Content starts

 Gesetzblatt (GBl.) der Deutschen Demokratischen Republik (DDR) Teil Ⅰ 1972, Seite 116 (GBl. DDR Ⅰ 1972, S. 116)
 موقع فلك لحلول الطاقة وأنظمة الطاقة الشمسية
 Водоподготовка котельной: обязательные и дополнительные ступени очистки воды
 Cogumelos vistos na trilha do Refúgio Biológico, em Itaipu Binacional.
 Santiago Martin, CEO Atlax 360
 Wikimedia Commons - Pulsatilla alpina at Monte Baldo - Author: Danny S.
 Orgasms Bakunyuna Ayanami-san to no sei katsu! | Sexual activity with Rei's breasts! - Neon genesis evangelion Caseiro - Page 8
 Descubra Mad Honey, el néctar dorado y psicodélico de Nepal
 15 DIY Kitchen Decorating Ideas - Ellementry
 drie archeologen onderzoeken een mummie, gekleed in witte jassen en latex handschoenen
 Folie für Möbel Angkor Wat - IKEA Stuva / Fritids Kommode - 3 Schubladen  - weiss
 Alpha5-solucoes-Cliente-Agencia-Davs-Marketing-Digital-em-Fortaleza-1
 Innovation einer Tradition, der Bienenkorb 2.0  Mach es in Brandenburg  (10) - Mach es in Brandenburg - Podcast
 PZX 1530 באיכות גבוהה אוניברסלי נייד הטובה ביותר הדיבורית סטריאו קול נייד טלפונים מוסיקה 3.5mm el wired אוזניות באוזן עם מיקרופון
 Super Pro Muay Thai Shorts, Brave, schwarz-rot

Content ends

■ What is expected
An exact, line-for-line copy is required: from the line containing "PZX 1530 באיכות" through the final line of the listing above, both included, with nothing else.

■ Solution for this problem
 PZX 1530 באיכות גבוהה אוניברסלי נייד הטובה ביותר הדיבורית סטריאו קול נייד טלפונים מוסיקה 3.5mm el wired אוזניות באוזן עם מיקרופון
 Super Pro Muay Thai Shorts, Brave, schwarz-rot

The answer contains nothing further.